Immunotherapy agents have been one of the main treatment modalities in melanomas showing around a 70% response rate with 58% of patients showing more than three years of survival in trials.
Immunotherapy has been used in lung cancer for some years, and, more recently, it has expanded into multiple other types of malignancies. In lung cancer with high PD-L1(programmed death-ligand 1) expression rate, median progression-free survival is around 10 months on immunotherapy alone compared to six months with chemotherapy.
Common instances where immunotherapy is used in cancer treatment include metastatic non-small cell lung cancers. maintenance treatment of stage III lung cancers following definitive chemo-radiotherapy, adjuvant treatment of high-risk melanomas, metastatic melanomas, clear cell renal cell cancers in first-line and second-line settings and oropharyngeal squamous cell cancers.
Long-term responses are seen in a considerable proportion of patients depending on type of cancer. Trials are under way combining immunotherapy with chemotherapy and there are access programs open in Australia for combined treatments. Examples are combining chemotherapy and immunotherapy in advanced lung cancers and triple negative breast cancers.
The expression of PD-L1 receptor levels in cancer tissue has been a predictor for response to immunotherapy. Commonly used immunotherapy agents in clinical practice include PD1 (Programmed cell death protein 1) inhibitors, PD-L1 inhibitors and CTLA-4 (Cytotoxic T-lymphocyte associated protein 4) inhibitors. There are multiple other types of immunomodulatory agents at various stages of development.
Immunotherapy is available under PBS for multiple solid organ malignancies including melanoma, lung cancer, renal cell cancer and head and neck squamous cell cancer.
The indications for immunotherapy are expanding. Several access programs are currently active in Australia, providing patients free access in different conditions.

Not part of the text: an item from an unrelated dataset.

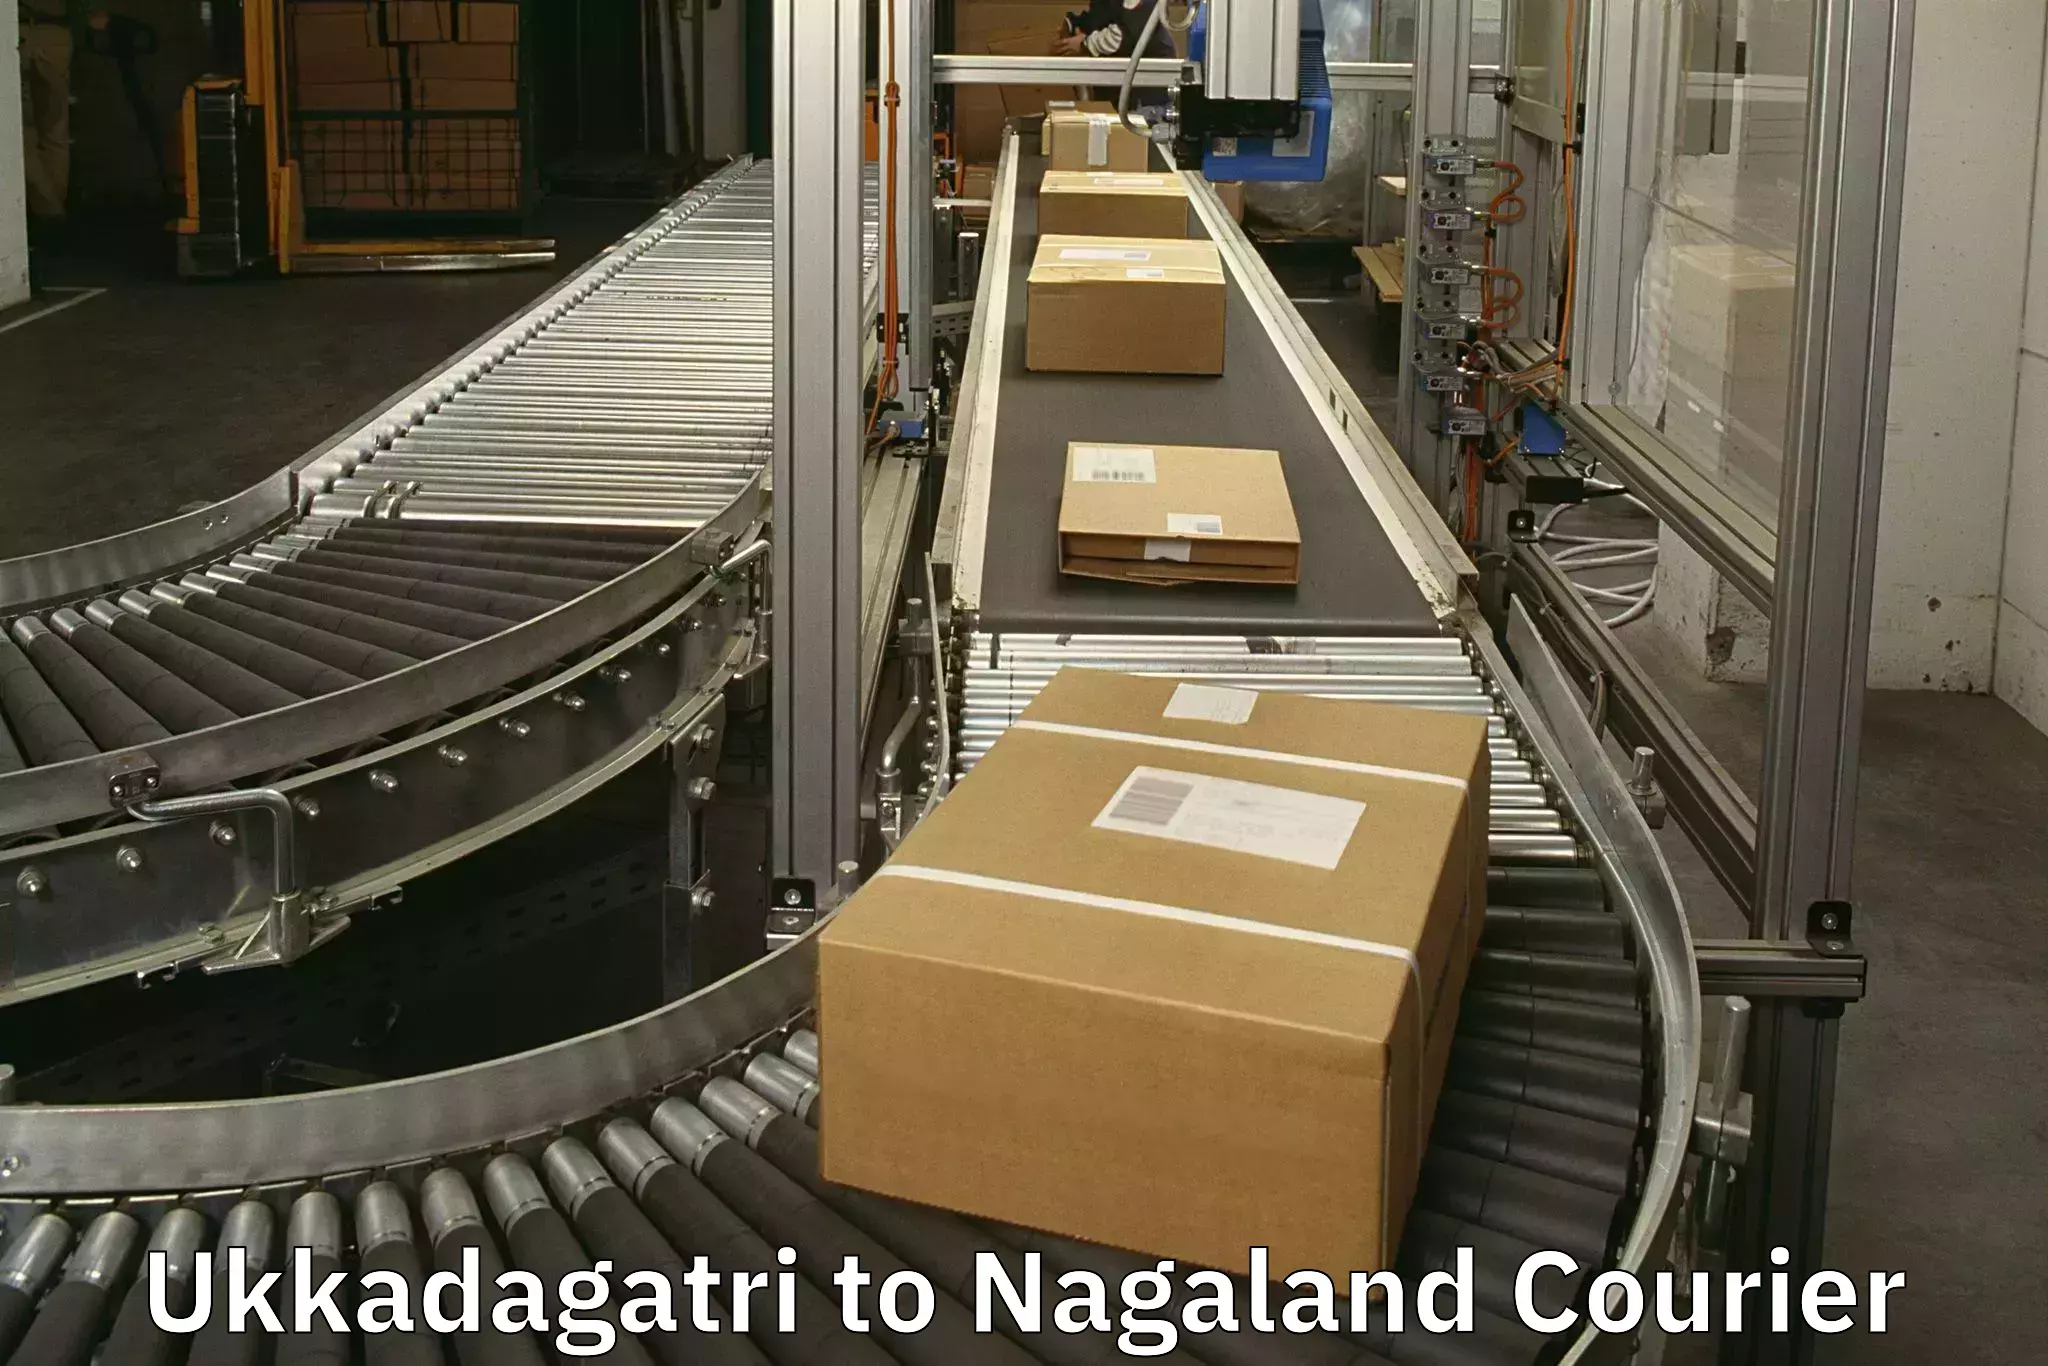 Musical instruments luggage transport Ukkadagatri to Nagaland
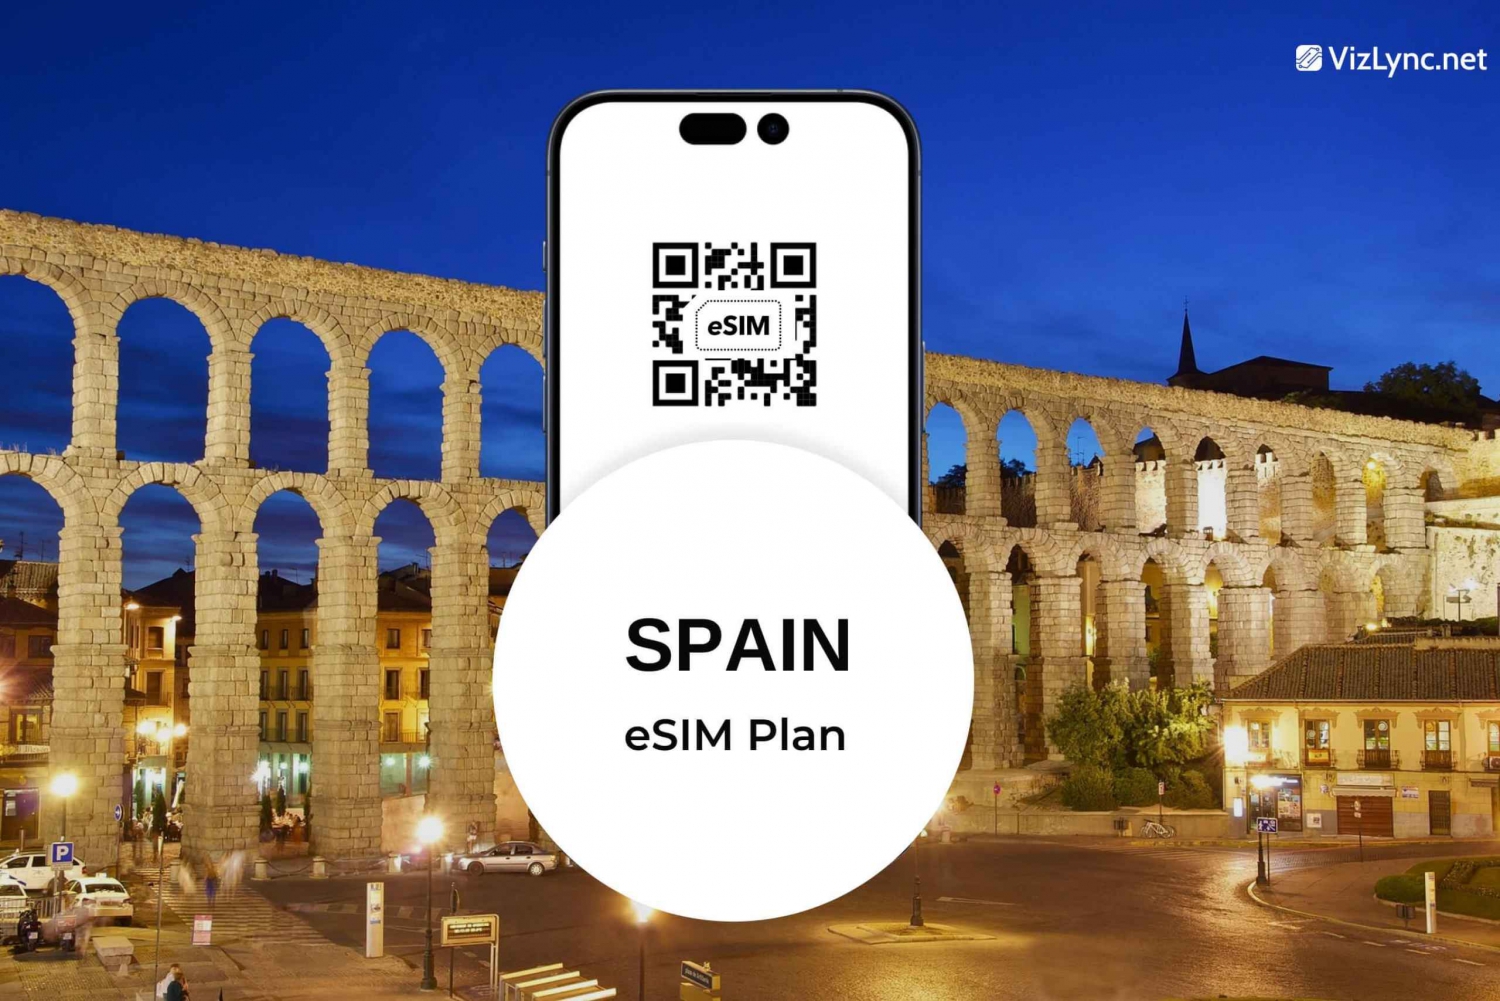 Plano eSIM para viagens na Espanha com dados móveis super rápidos

Side effects seen with immunotherapy are quite different to chemotherapy related side effects. These include hepatitis, colitis, pneumonitis and endocrinopathies. Even though immunotherapy seems to be generally better tolerated than chemotherapy, some of these side effects can be life-threatening so early recognition is vital.
- Immunotherapy is used increasingly in solid organ malignancies
- Immunotherapy tends to be more tolerable compared to chemotherapy
- Combining chemotherapy with immunotherapy is a trend showing promising results but increasing the probability of side effects.
Immunotherapy agents – a key to acronyms:
- PD-1 (Programmed cell death protein 1)
- PD-L1/L2 (programmed death-ligand 1 and 2)
CTLA-4 (cytotoxic T-lymphocyte-associated protein 4)
- TIGIT (T-cell immunoreceptor with Ig and ITIM domains)
- BTLA (B- and T-lymphocyte attenuator)
- VISTA (V-domain Ig suppressor of T-cell activation)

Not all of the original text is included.